Congress Grills Regulators, Executives at Lehman Brothers Hearing

BY jbreslow  April 20, 2010 at 5:18 PM EST

Federal regulators and former executives from Lehman Brothers faced renewed criticism from lawmakers in the House on Tuesday during a hearing examining the policy implications of the investment bank’s collapse in September 2008.

Some of the toughest criticism during the often contentious hearing was directed at the Securities and Exchange Commission.

“At best, regulators failed to catch the accounting manipulation that permitted Lehman to give a misleading picture of its financial health,” said Rep. Spencer Bachus of Alabama, the top Republican on the committee.

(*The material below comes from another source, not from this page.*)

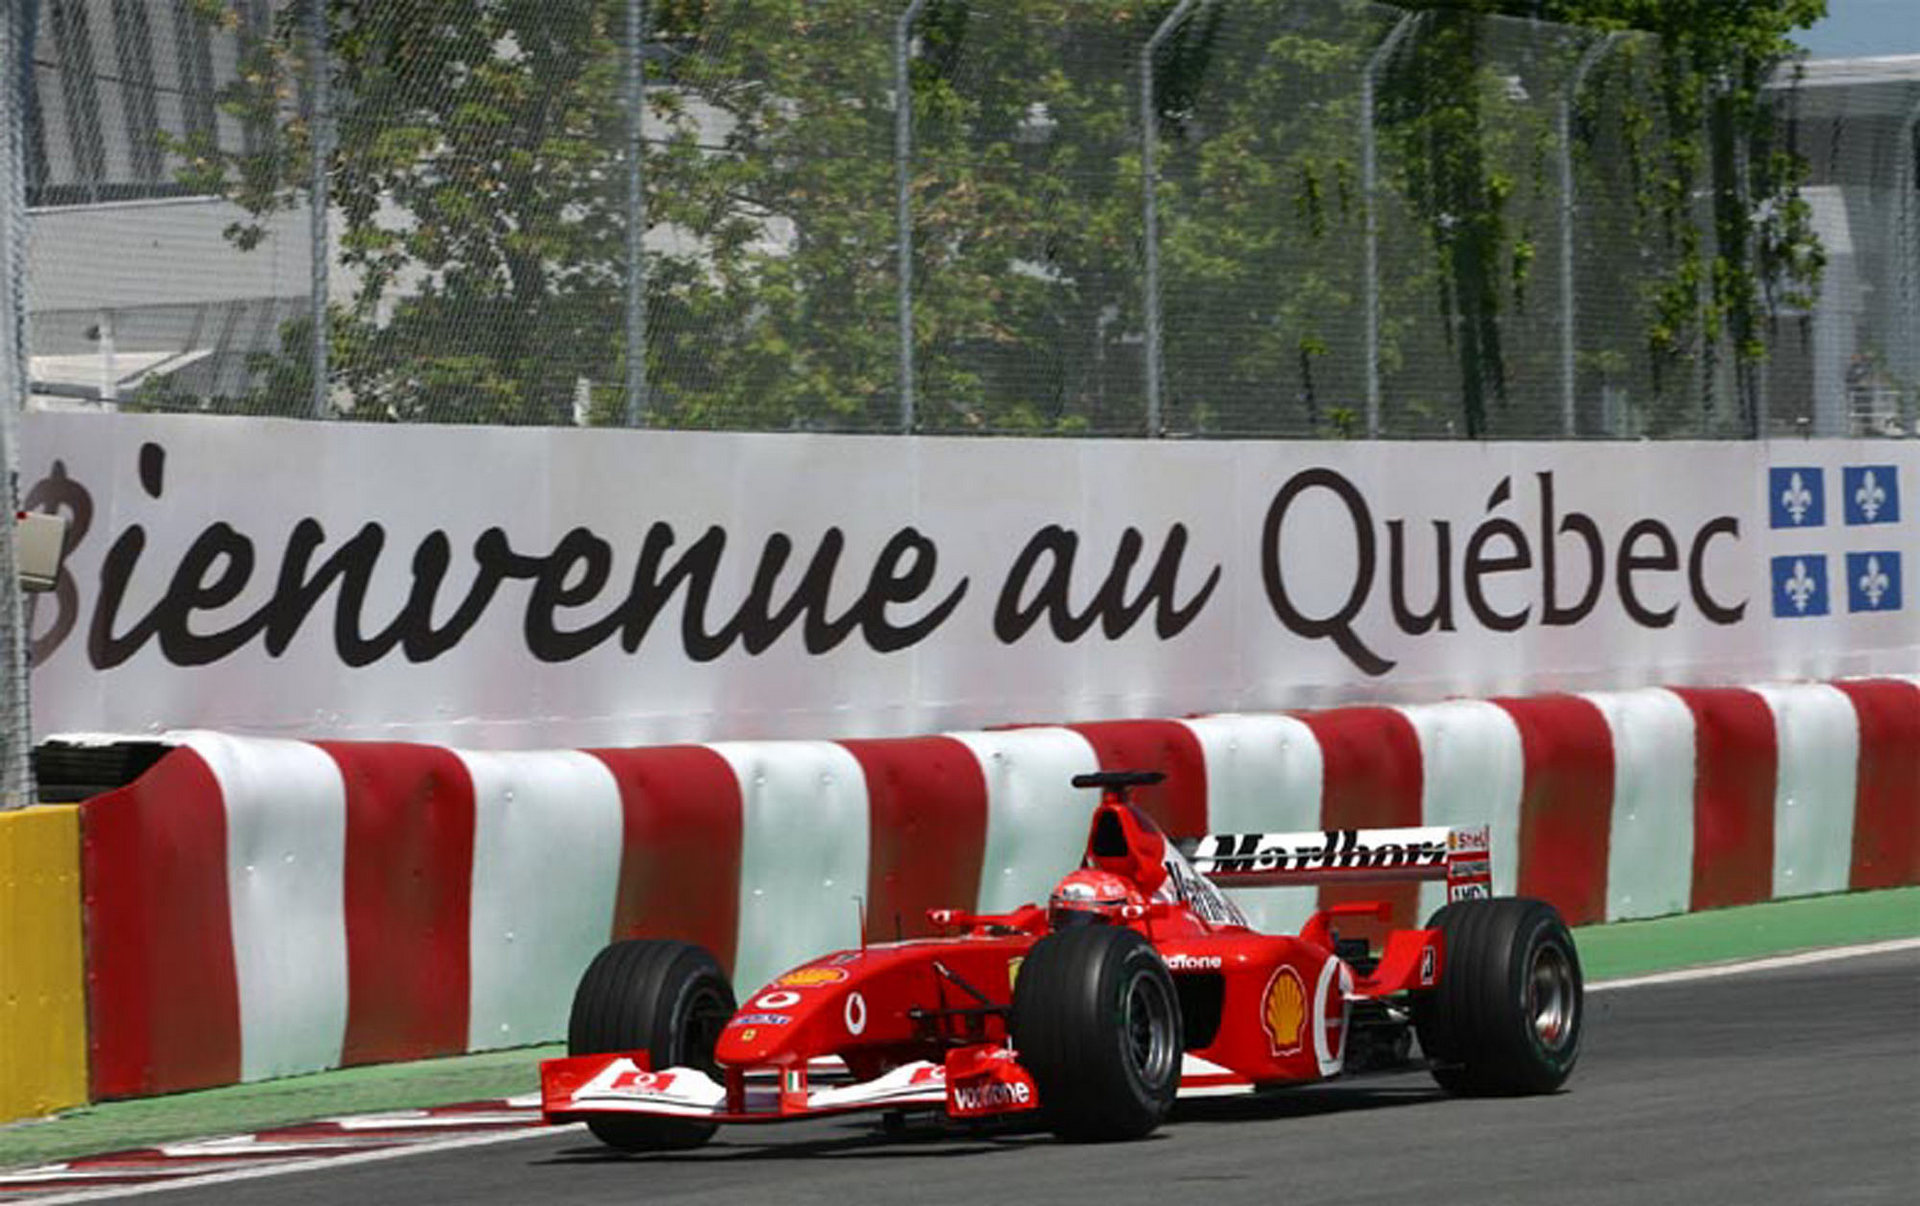 HD Wallpaper Formula Grand Prix Of Canada F1 Fansite
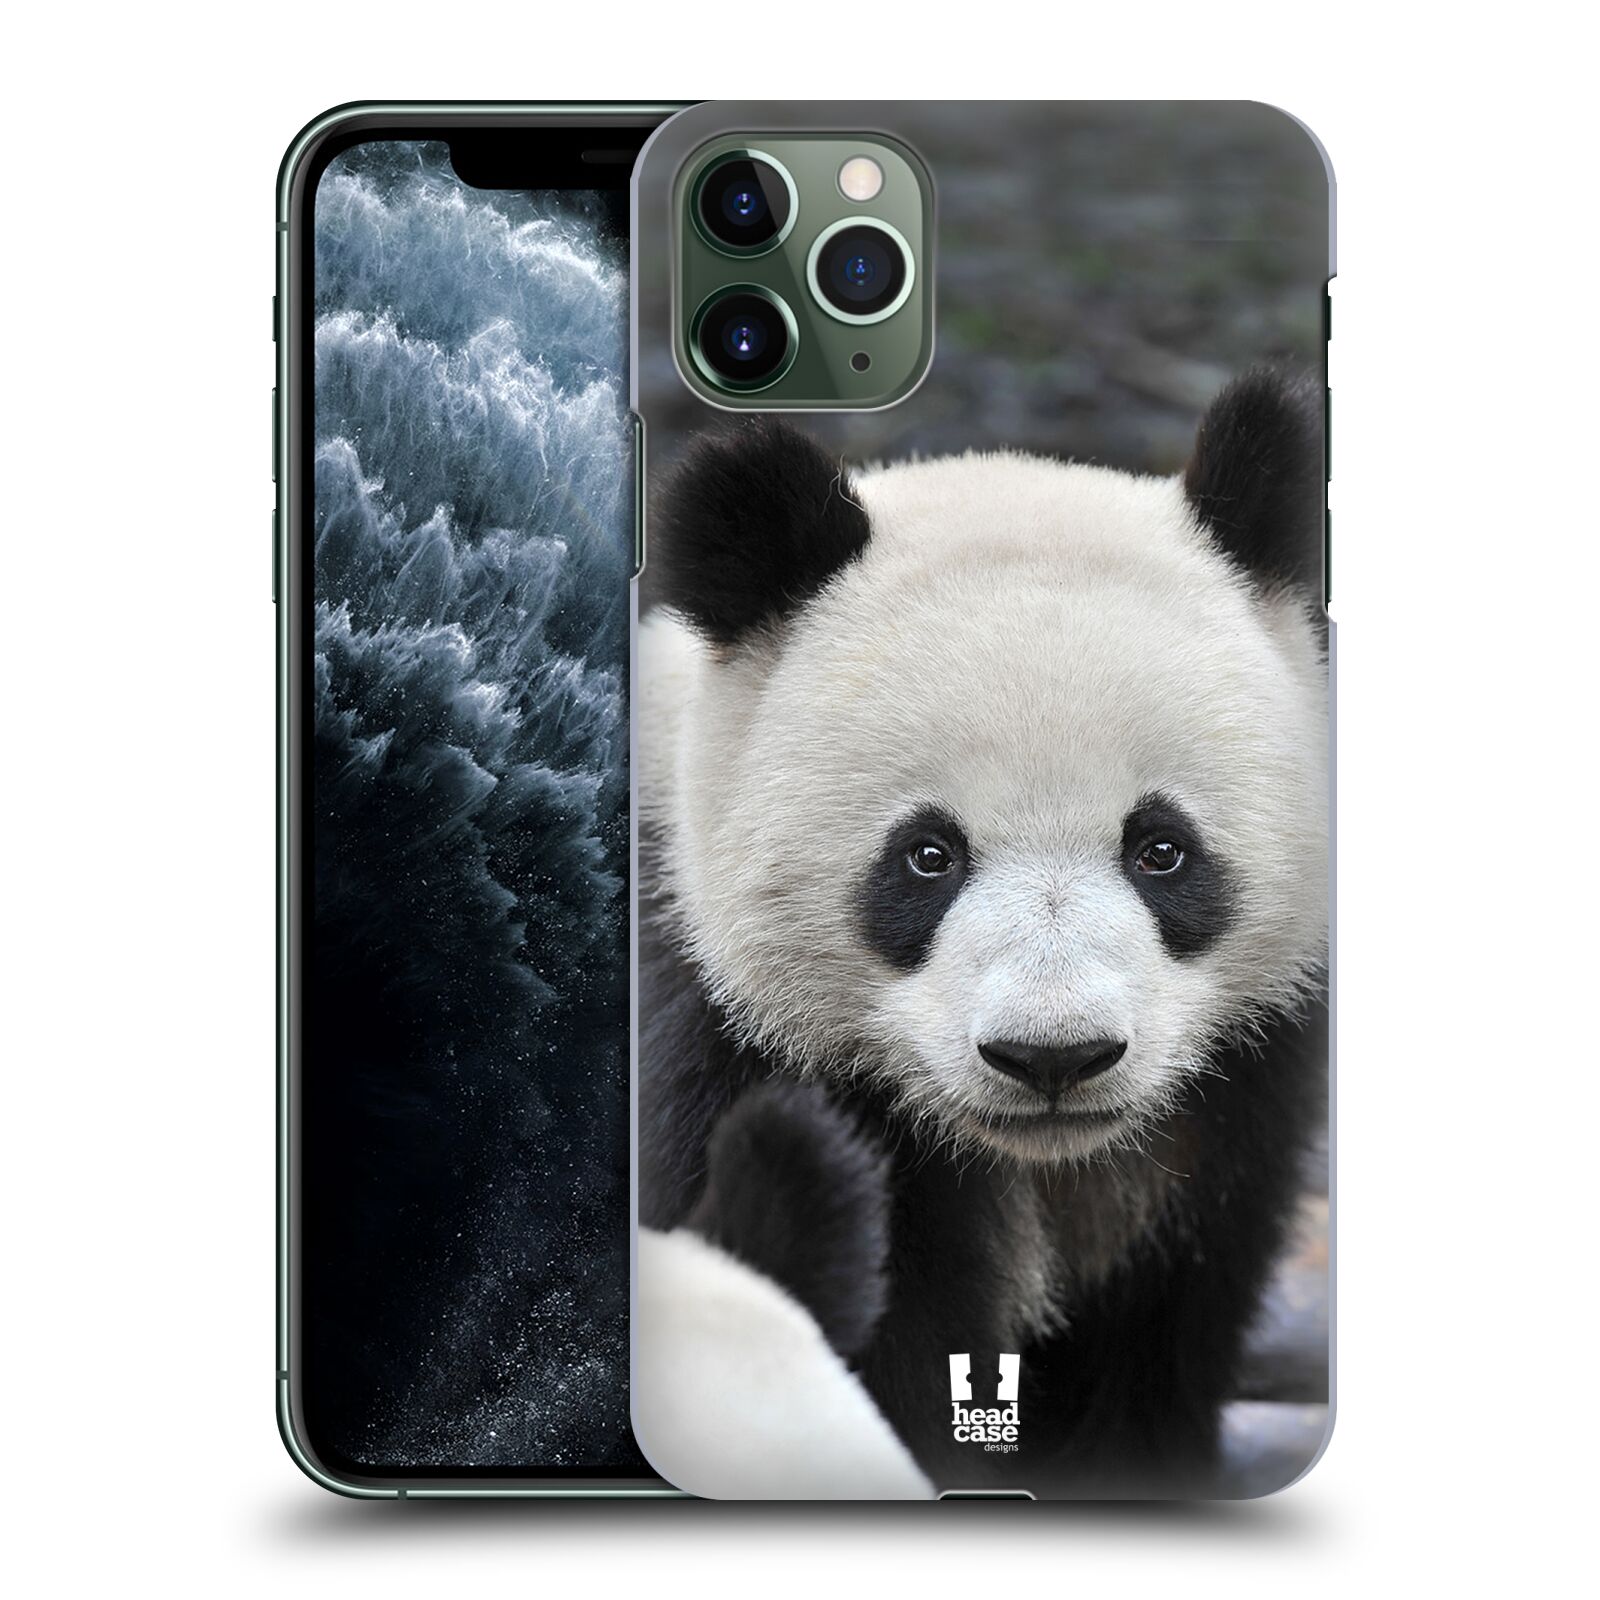 Pouzdro na mobil Apple Iphone 11 PRO MAX - HEAD CASE - vzor Divočina, Divoký život a zvířata foto MEDVĚD PANDA

Anton R. Valukas, the court-appointed examiner who authored a scathing post-mortem on Lehman’s collapse, blasted the SEC for not catching Lehman’s use of an accounting gimmick known as “Repo 105.”

“I saw nothing in my investigation to suggest that the SEC asked even the most fundamental questions that might have uncovered this practice early on, before Lehman escalated it to a $50 billion issue,” Valukas said in prepared remarks.

“What is clear,” he added, “is that had the government acted sooner on what it did or should have known, there would have been more opportunities for a soft landing. The markets might have been spared the turmoil of Lehman’s abrupt failure.”

Richard Fuld, Lehman’s former chairman and CEO, told the committee that while he had “absolutely no recollection whatsoever of hearing anything about Repo 105 transactions,” he said that officials from both the SEC and the Fed “were privy to everything as it was happening.”

SEC Chairwoman Mary Schapiro, who took over the agency after Lehman’s collapse, acknowledged lapses in the agency’s oversight.

“I don’t think any of us would claim the oversight of Lehman was a success,” Schapiro said.

The committee also heard from William Black of the University of Missouri-Kansas City, who spoke with Paul Solman in February about bank reform.